The Crossroads Club hosted various support groups throughout the day, he said, in addition to other workshops such as resume building, budgeting, nutrition and self-esteem.

“What I saw that caught my eye… was a community coming together,” he said. “That’s what I wanted to bring to Lowell.”

Cox is now going on three years sober. And starting in November, he will lease the roughly 5,000-square-foot space at the back of a brick building at 33 East Merrimack St. to open The Bridge Club of Greater Lowell — an addiction treatment facility modeled after Crossroads and the Genesis House.

“If you think you’re too far gone… that’s how I felt,” Cox said. “If I can do it, anybody can do it.”

The Bridge Club isn’t just about the initial recovery — it’s about maintaining sobriety. “It’s like getting your oil changed,” he said.

Cox plans to open the facility to support groups — from alcohol to narcotics to overeating — by January. He walked through the space Wednesday with Peter Gervais, the building’s landlord, and Tony Allerton, 91, an original member of Crossroads.

“My lord, what a gorgeous space,” Allerton said, as he walked through the empty building. The space, built in 1921, was once a car dealership, then an office for the Department of Children and Families. It has been vacant for the last year, Gervais said.

“(It’s) good to get something back in here,” he said.

After reconfiguring some walls, there will be at least three large meeting rooms, as well as a handful of offices and a full kitchen. Words scrawled on periwinkle-painted walls in sharpie, such as “doorway,” and “glass” indicated where renovations will take place. A skylight cast bright sunlight into the main corridor. New flooring and fresh paint will likely be added last, according to Cox.

“As soon as I walked in, I knew this was the place,” he said.

Cox plans to update the kitchen, and use it to train attendees in everything from dish washing, to food prep, to the proper use of cooking knives. He hopes these skills will help those in need to find work.

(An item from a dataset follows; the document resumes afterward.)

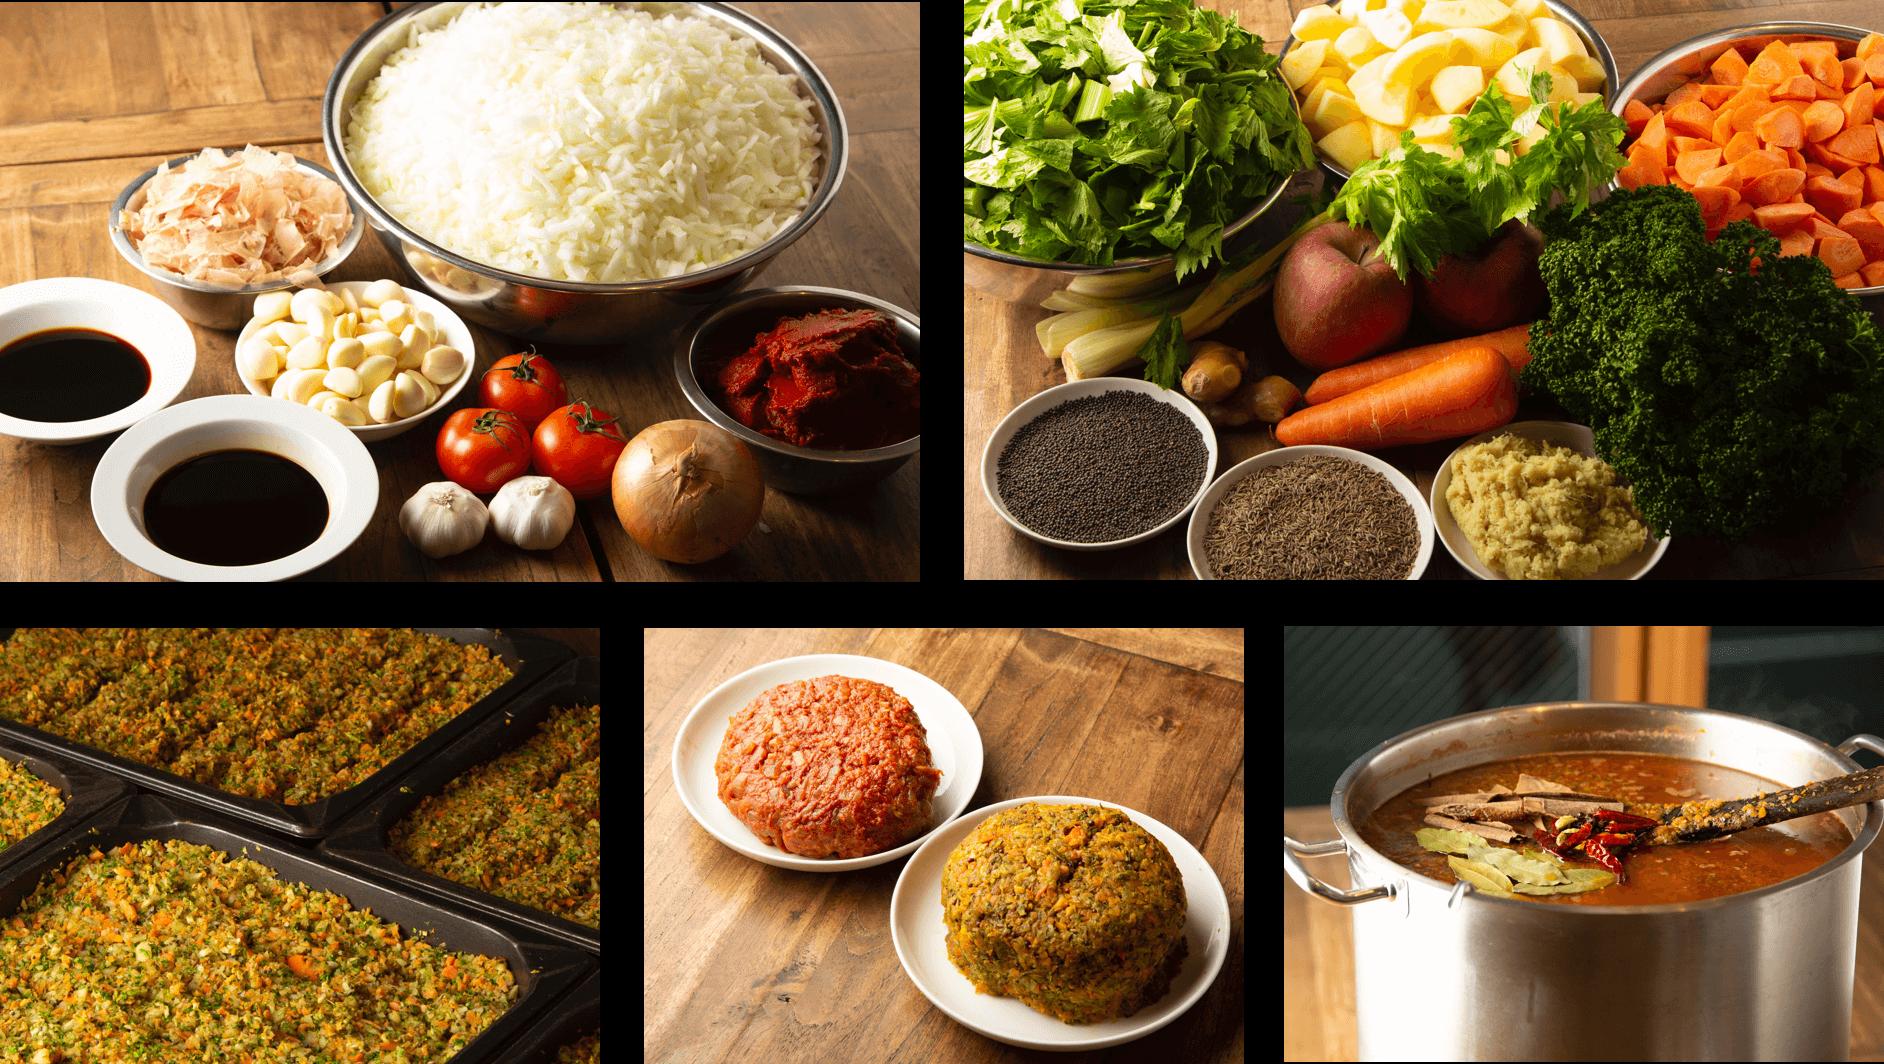 金澤ななほしカレーの特徴、赤玉と緑玉の材料をそれぞれ調理し、カレーの種類によってブレンドし大鍋で煮込む

But the real beauty of the facility, Cox said, is its potential to grow and change. To best fit the needs of the community, Cox plans to be flexible, hosting a variety of support groups at times convenient for attendees.

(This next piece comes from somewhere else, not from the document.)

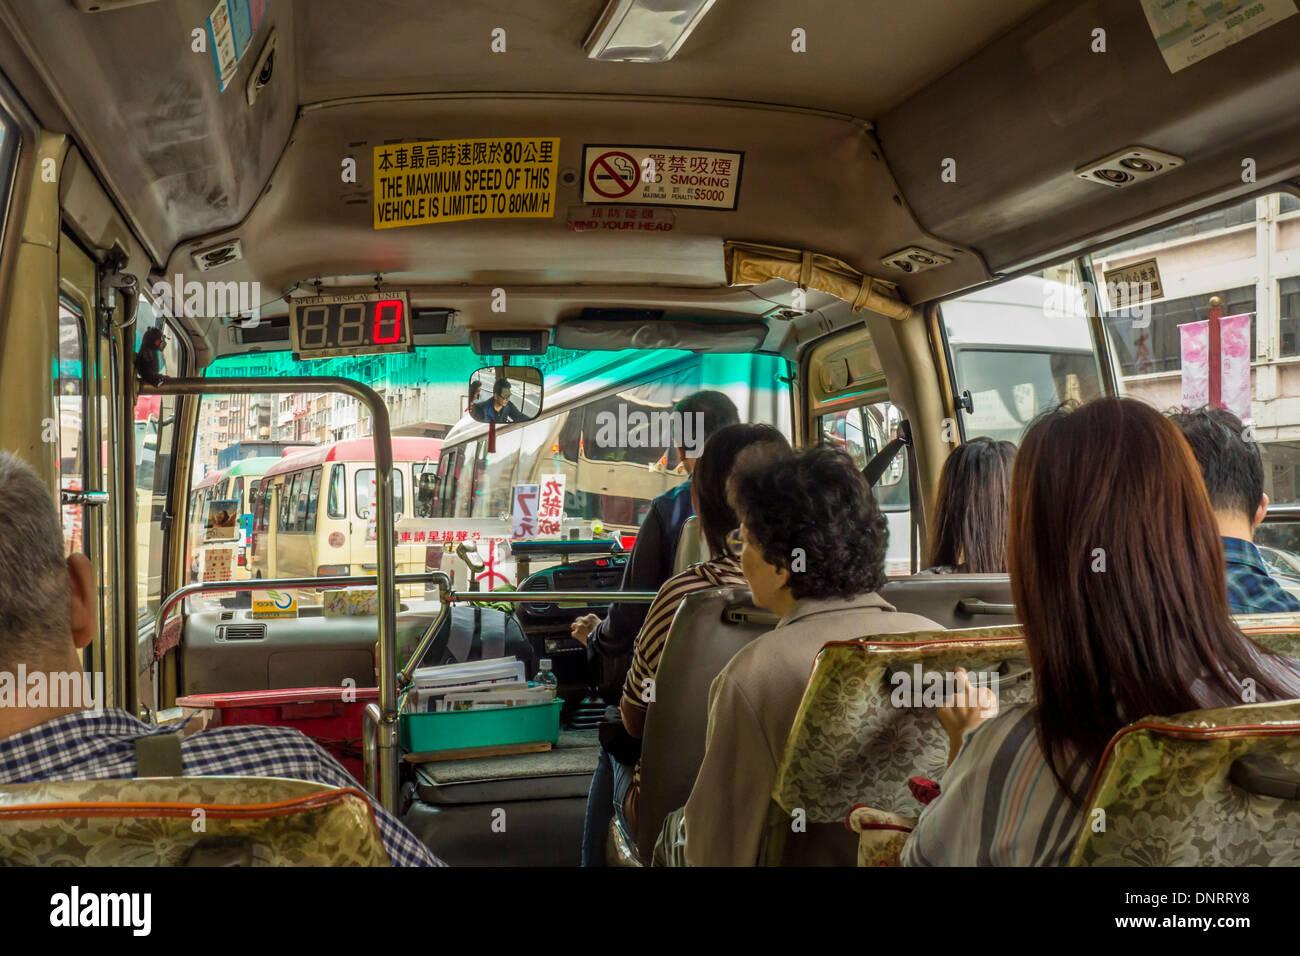 Interior of Minibus, Hong Kong, China - Stock Image

Simply put, the objective is for The Bridge Club to be “an environment for recovery.” The name symbolizes the journey to recovery — the bridge to sobriety.

When asked what inspired the project, Cox said it was his own journey. “I knew I needed more than just meetings,” he said, and he doesn’t want to relapse. At The Bridge Club, he said, he can keep himself on track, and help many others in the process.

“If there’s a message here — it works,” Cox said about attending support groups and programs like those he plans to welcome at The Bridge Club.

Cox named the nonprofit behind the treatment facility Troubled Waters Inc. The logo, designed by a student from Greater Lowell Technical High School, depicts a water wheel with waves underneath.

The Bridge Club’s board of directors includes state Rep. Thomas Golden, Lowell City Councilor Rita Mercier, retired Lowell police Officer Michael Miles, and Cox’s longtime friends, Mark Page and Chris Tierney.

Cox served on the Dracut Board of Selectmen from 2004 to 2013. His older brother, John Cox, is a former Lowell city manager and was a state representative in the 1980s and 1990s. His father, also named John, was a Lowell city councilor in the 1960s.

“We’re in a major-league fundraising effort right now,” Cox said.

Various community organizations have expressed interest in collaborating with Cox, including Lowell General Hospital and the University of Massachusetts Lowell. Cox has been in talks with UMass about the idea of setting up an opportunity for students to complete co-ops at the facility. But nothing is set in stone yet, he said.

Gervais is planning to hold a front section of the building for the time being, just over 5,000 square feet, for The Bridge Club to potentially expand into in the future. It would just about double the facility’s space.

“It (The Bridge Club) is going to outlive anyone who’s involved with it now, if we do it right,” Cox said. “Save one life, and it’s all worthwhile.”